Elle soutient que le délai de forclusion peut être interrompu par la reconnaissance de la responsabilité du débiteur ou faire l’objet d’un aménagement conventionnel. Elle indique qu’un accord est bien intervenu entre les parties par lequel elle s’est engagée à régler 95% du prix à l’appel du constructeur et 100% à la levée des réserves, et en déduit que la SCCV ATELIER D'[Localité 4] avait pris l’engagement de lever les réserves par leur reprise. Elle affirme que cet accord est expressément mentionné dans le procès-verbal de livraison.

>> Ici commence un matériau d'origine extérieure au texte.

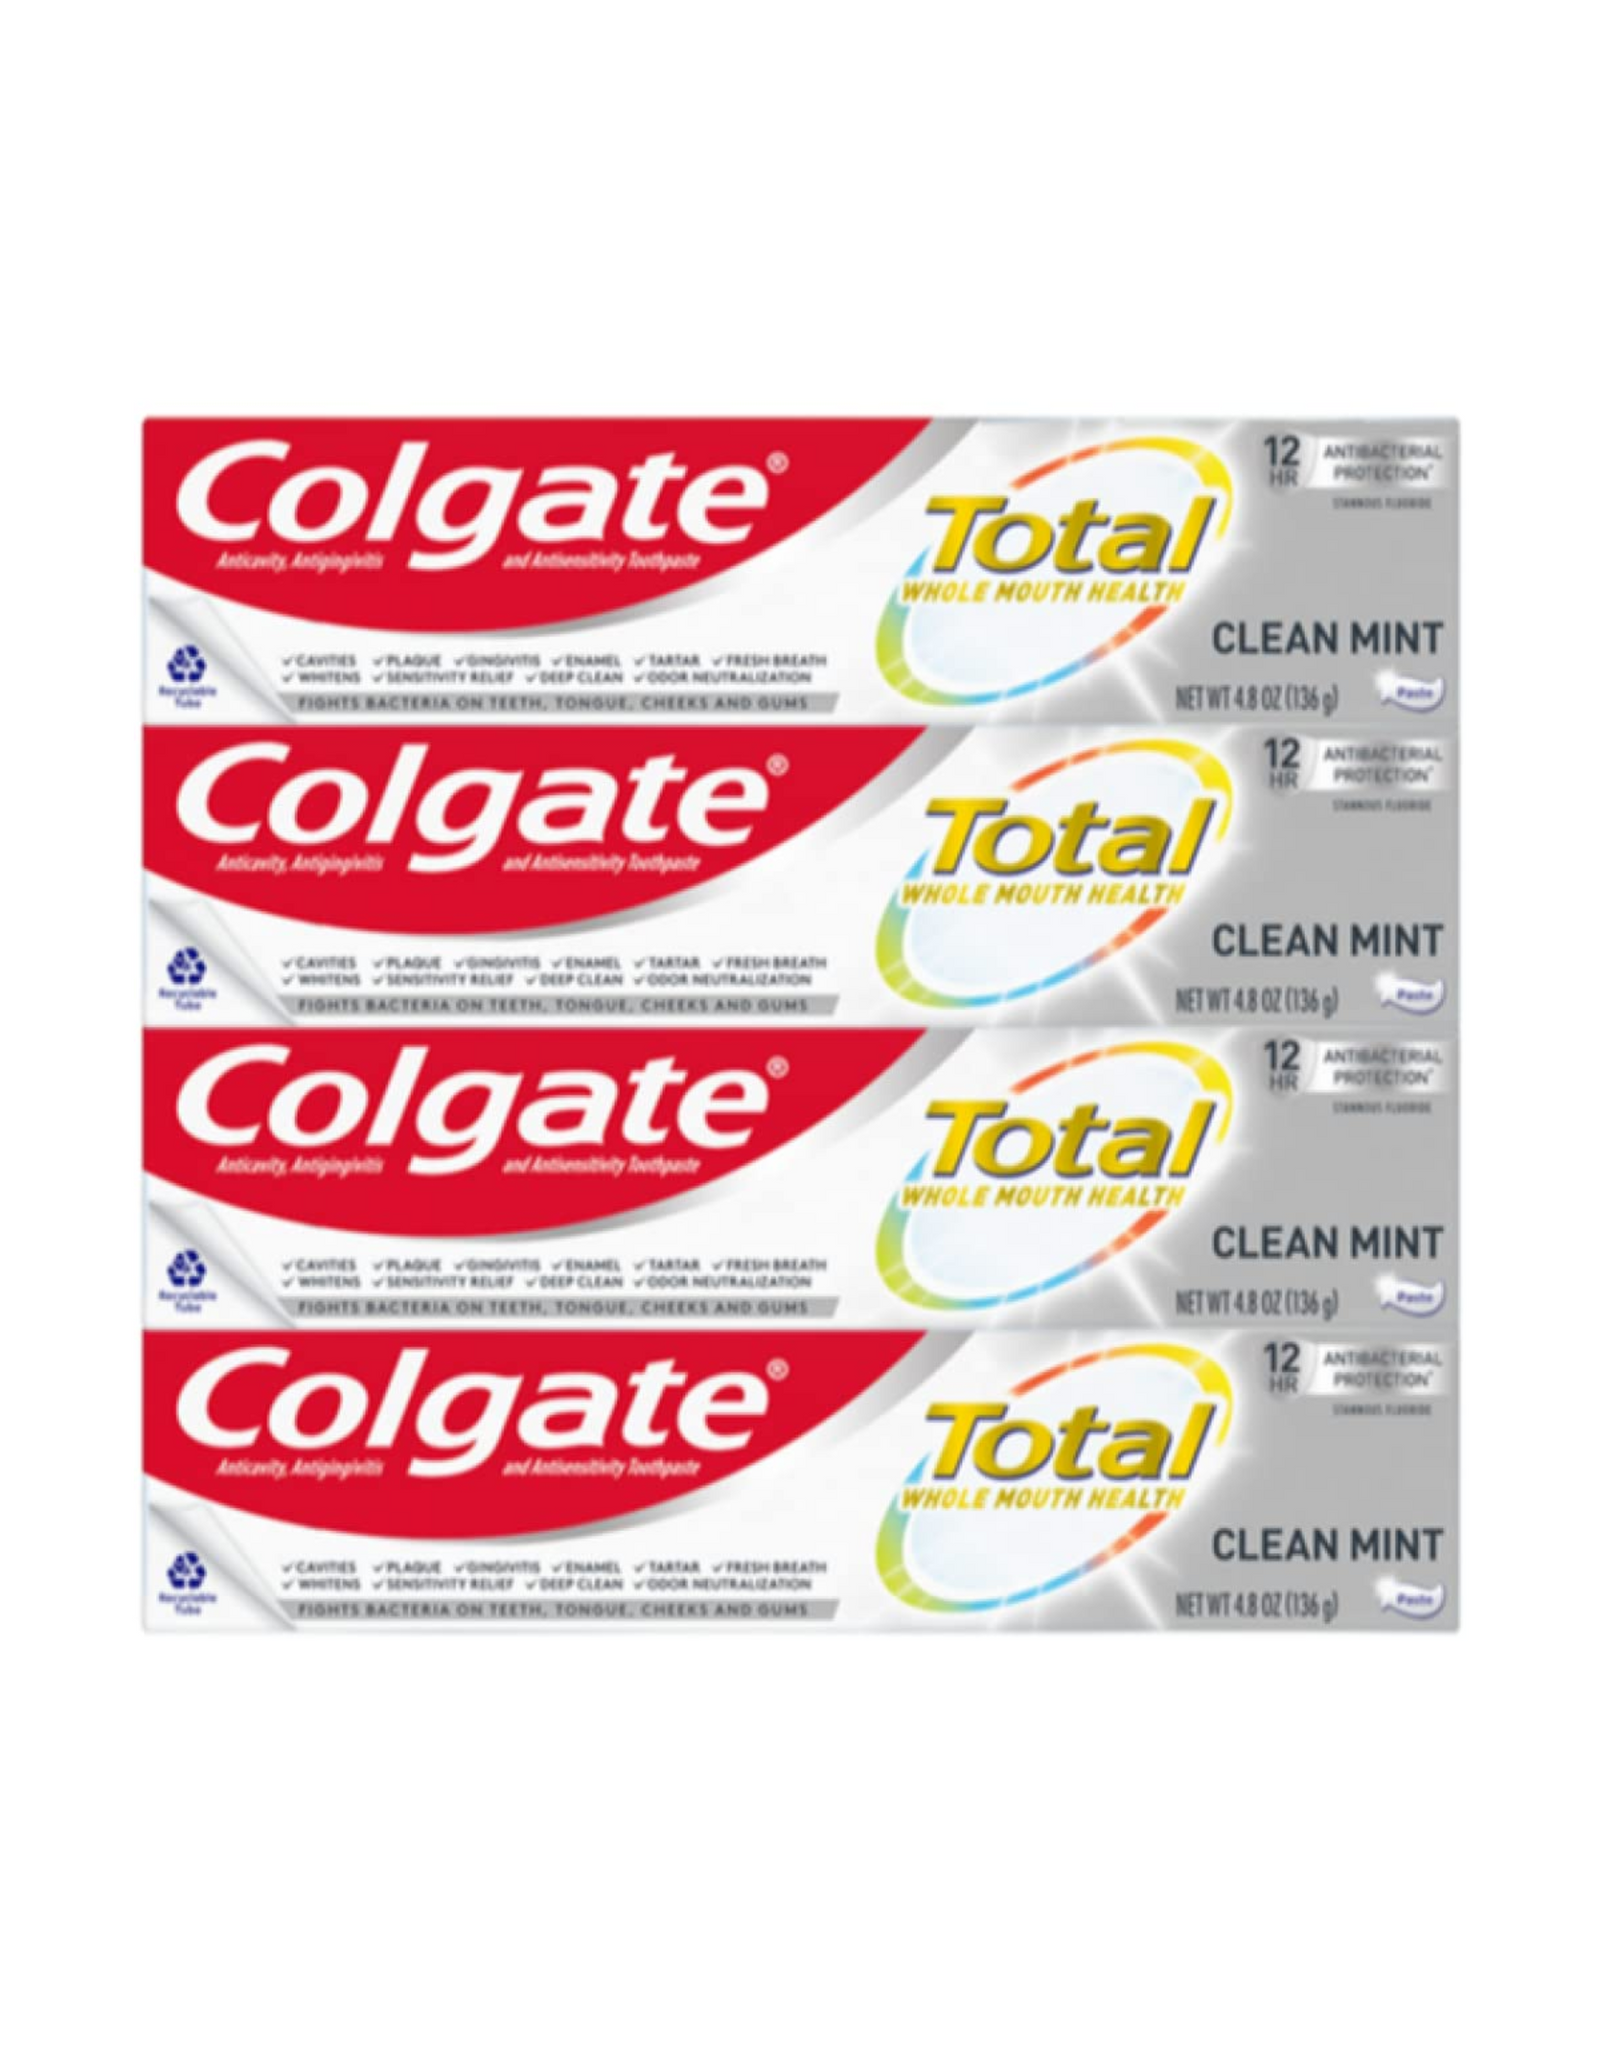 Colgate Total Toothpaste with Whitening, Antibacterial Protection, Clean Mint, 4.8 oz each (Pack of 4)

En réponse aux arguments adverses, elle affirme avoir contesté l’achèvement de l’appartement dans ses premières conclusions en référé du 11 octobre 2022.
Madame [R] fait également valoir qu’elle est fondée à agir sur le fondement de la garantie décennale en application de l’article 1646-1 du code civil. Elle affirme que la terrasse présente un risque pour la sécurité des personnes puisque les deux parties ne sont pas au même niveau et présentent un espace de 10 centimètres, et conclut qu’elle n’est pas forclose puisqu’elle bénéficie d’une option pour agir sur le fondement de l’article 1642-1 ou 1646-1 du code civil.
Il sera expressément renvoyé aux conclusions des parties pour un plus ample exposé de leurs prétentions et moyens par application des dispositions de l’article 455 du code de procédure civile.
Le juge de la mise en état a fixé la clôture de la procédure au 08 janvier 2025 par ordonnance du même jour.
MOTIFS DE LA DECISION
A titre liminaire, il convient de rappeler aux parties qu’au visa de l’article 768 alinéa 2 du code de procédure civile, le juge de la mise en état n’est saisi que des demandes figurant au dispositif des conclusions des parties valablement signifiées avant l’audience d’incident. Toute prétention figurant dans les motifs et non reprise dans le dispositif ne sera donc pas étudiée.
En outre, il n’appartient pas au tribunal de statuer sur les demandes de « dire », de « dire et juger », de « donner acte » ou de « constater » lorsqu’elles ne constituent pas des prétentions au sens des dispositions de l’article 4 du code de procédure civile.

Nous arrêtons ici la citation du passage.